> What needs to be done: Could you set down the listing below exactly, leaving out its pictures?

> Recorded information:
=== Begin Enclosure ===

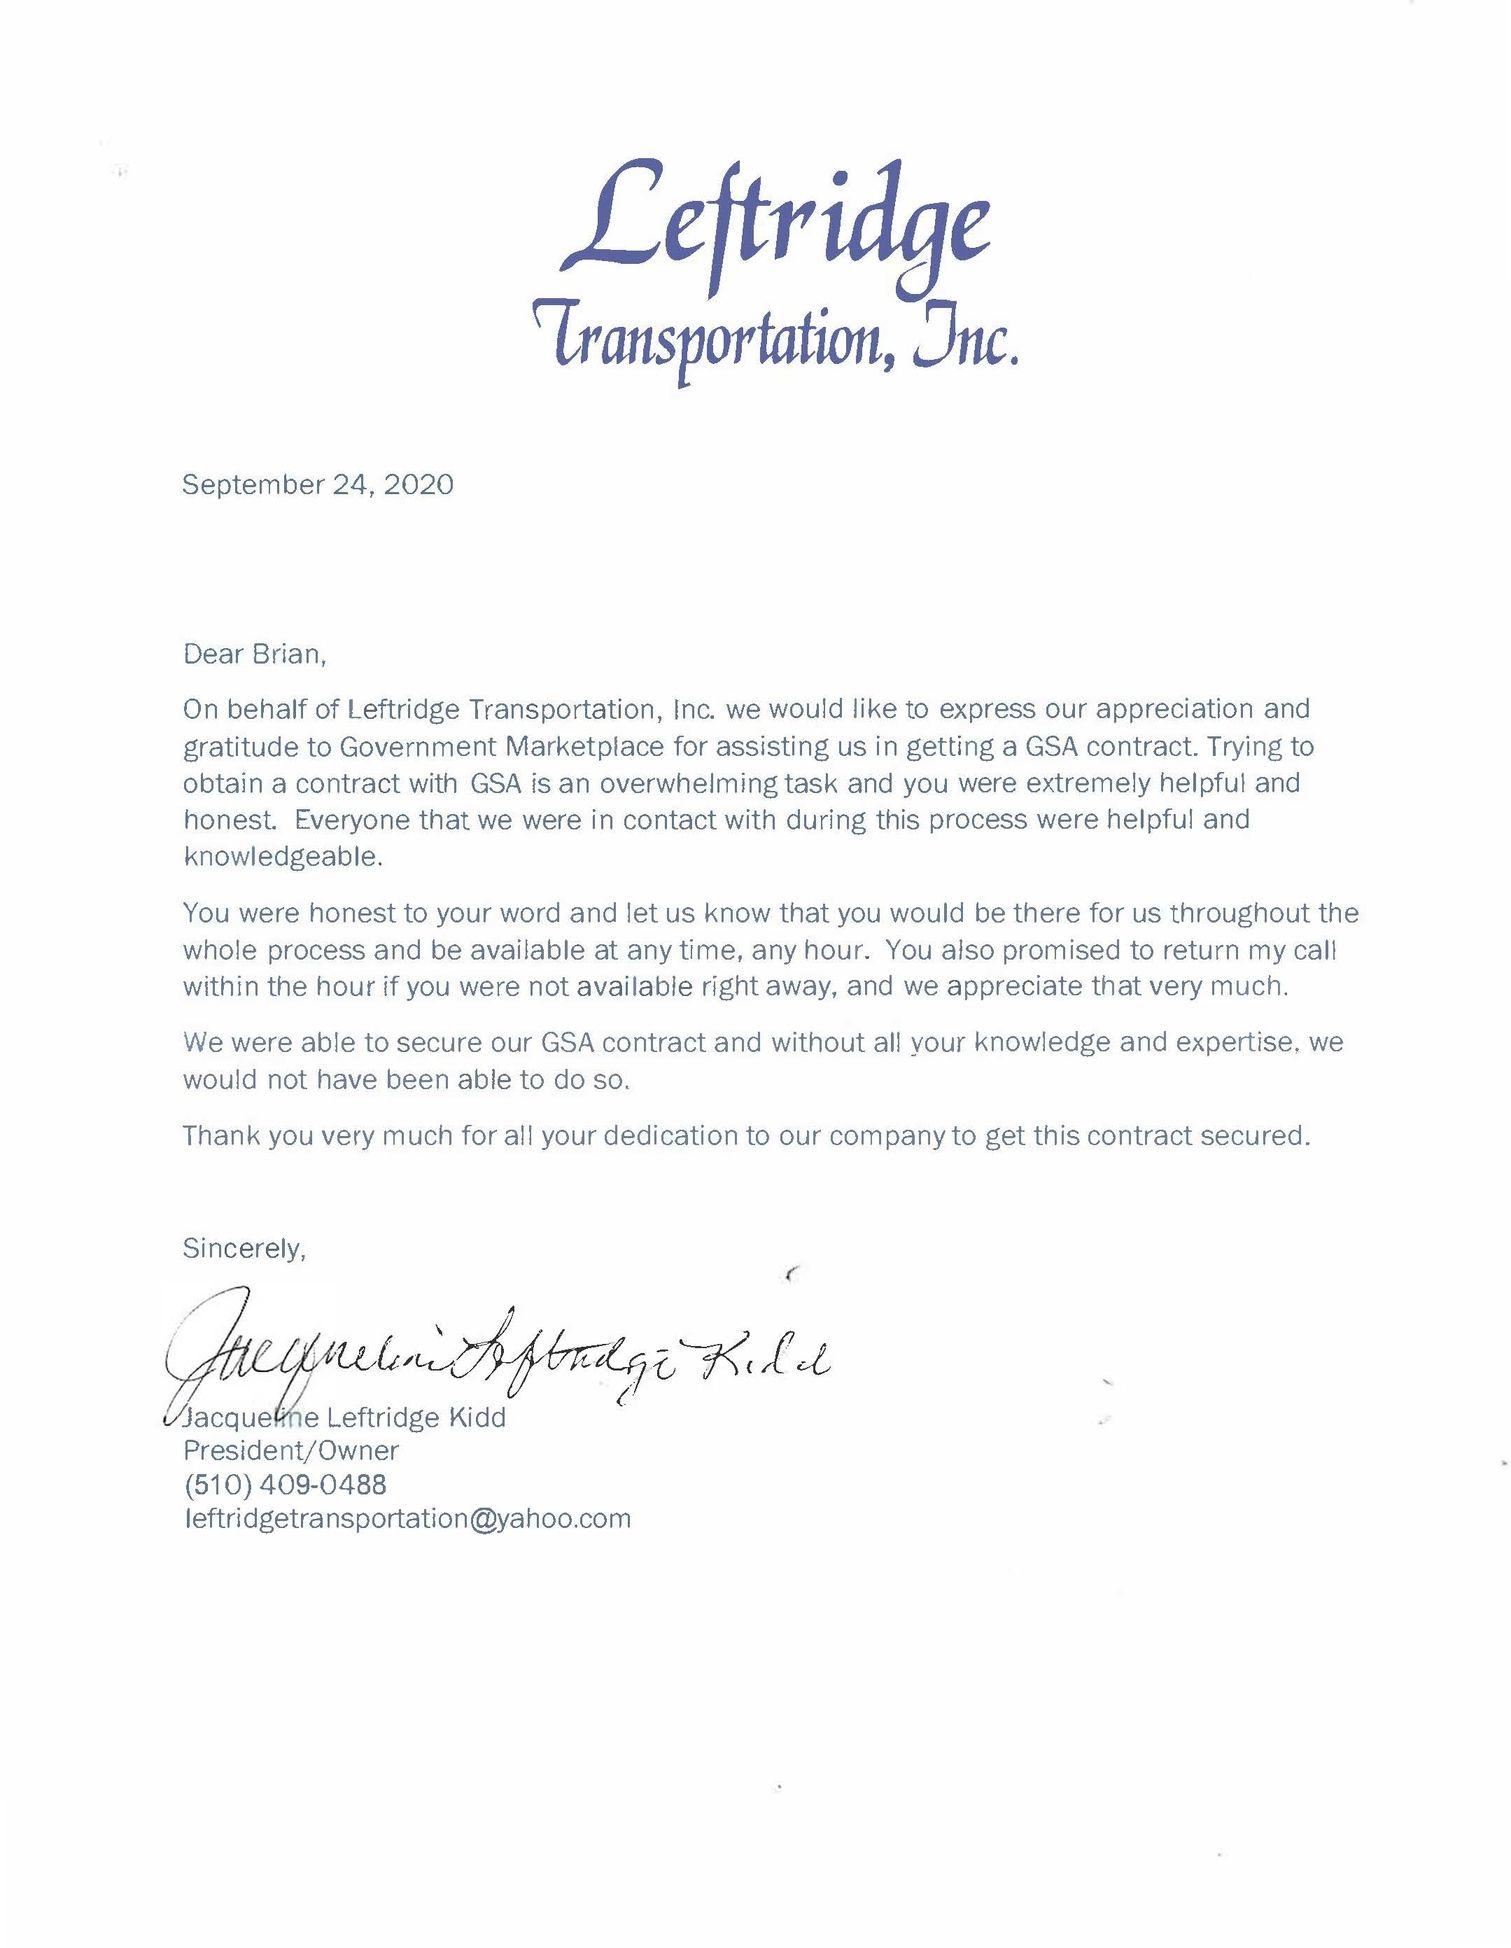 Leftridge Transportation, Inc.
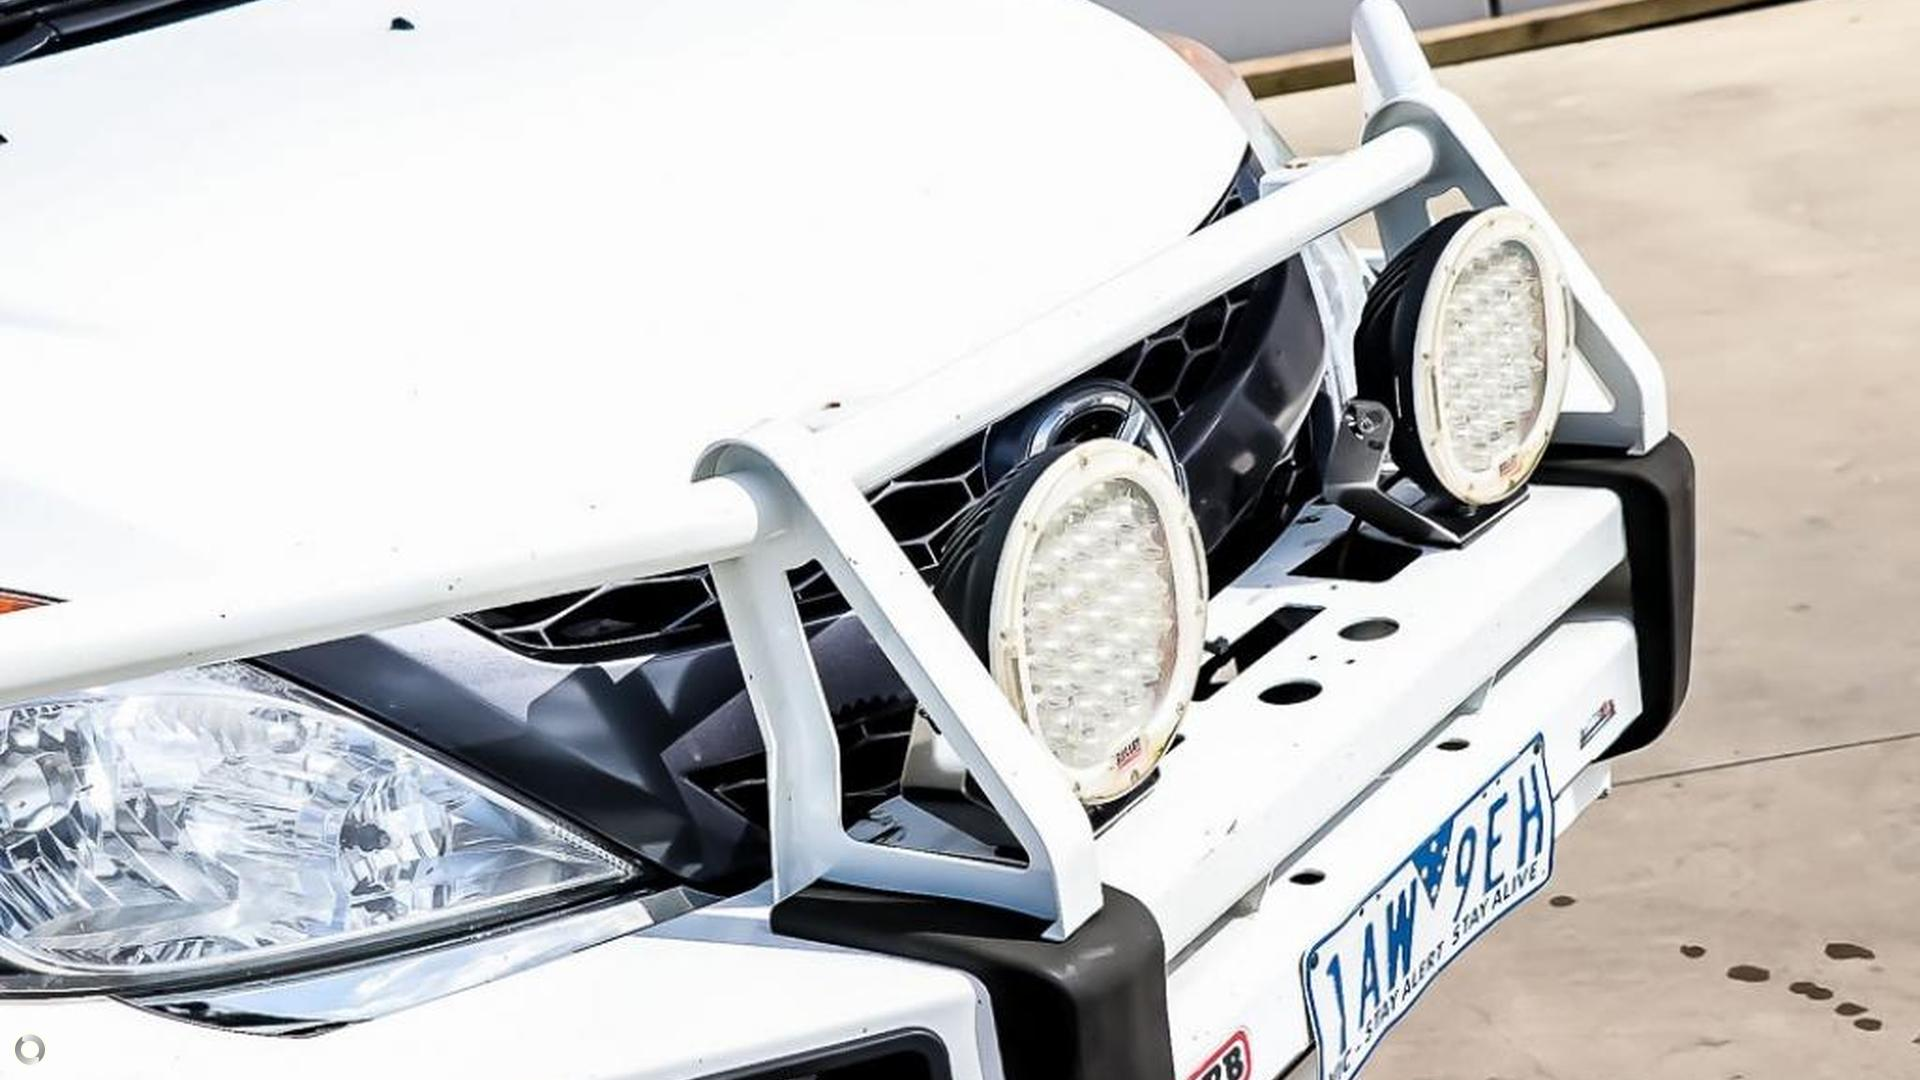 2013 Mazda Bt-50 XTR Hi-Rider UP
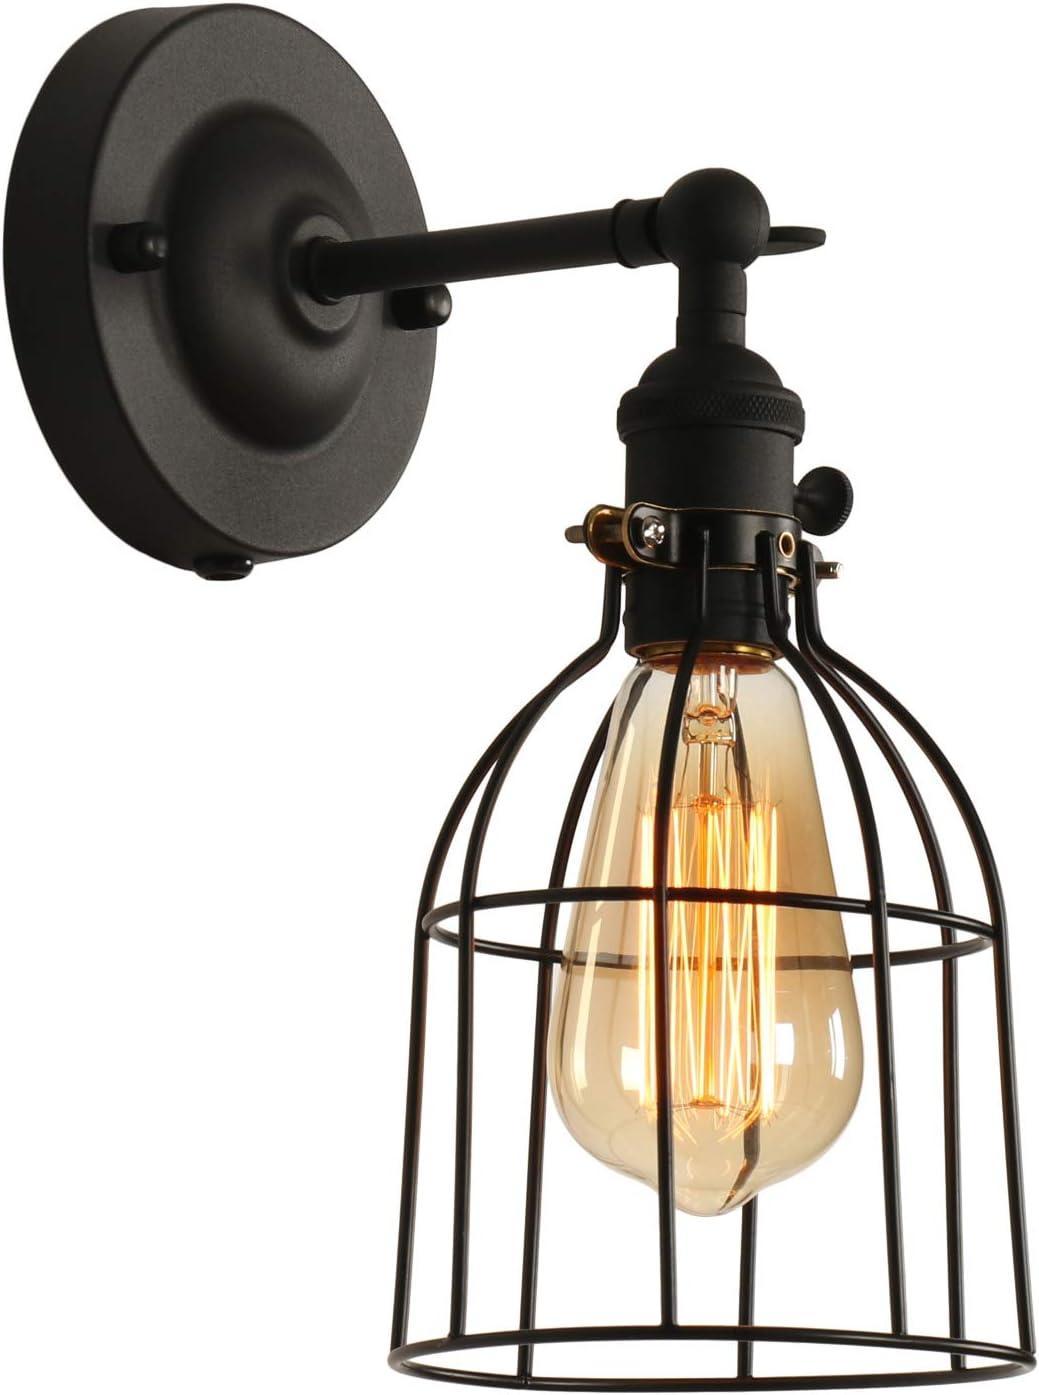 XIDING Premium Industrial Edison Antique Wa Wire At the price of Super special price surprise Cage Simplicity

=== End Enclosure ===

> Response for this exercise:
 Leftridge Transportation, Inc.
 2013 Mazda Bt-50 XTR Hi-Rider UP
 XIDING Premium Industrial Edison Antique Wa Wire At the price of Super special price surprise Cage Simplicity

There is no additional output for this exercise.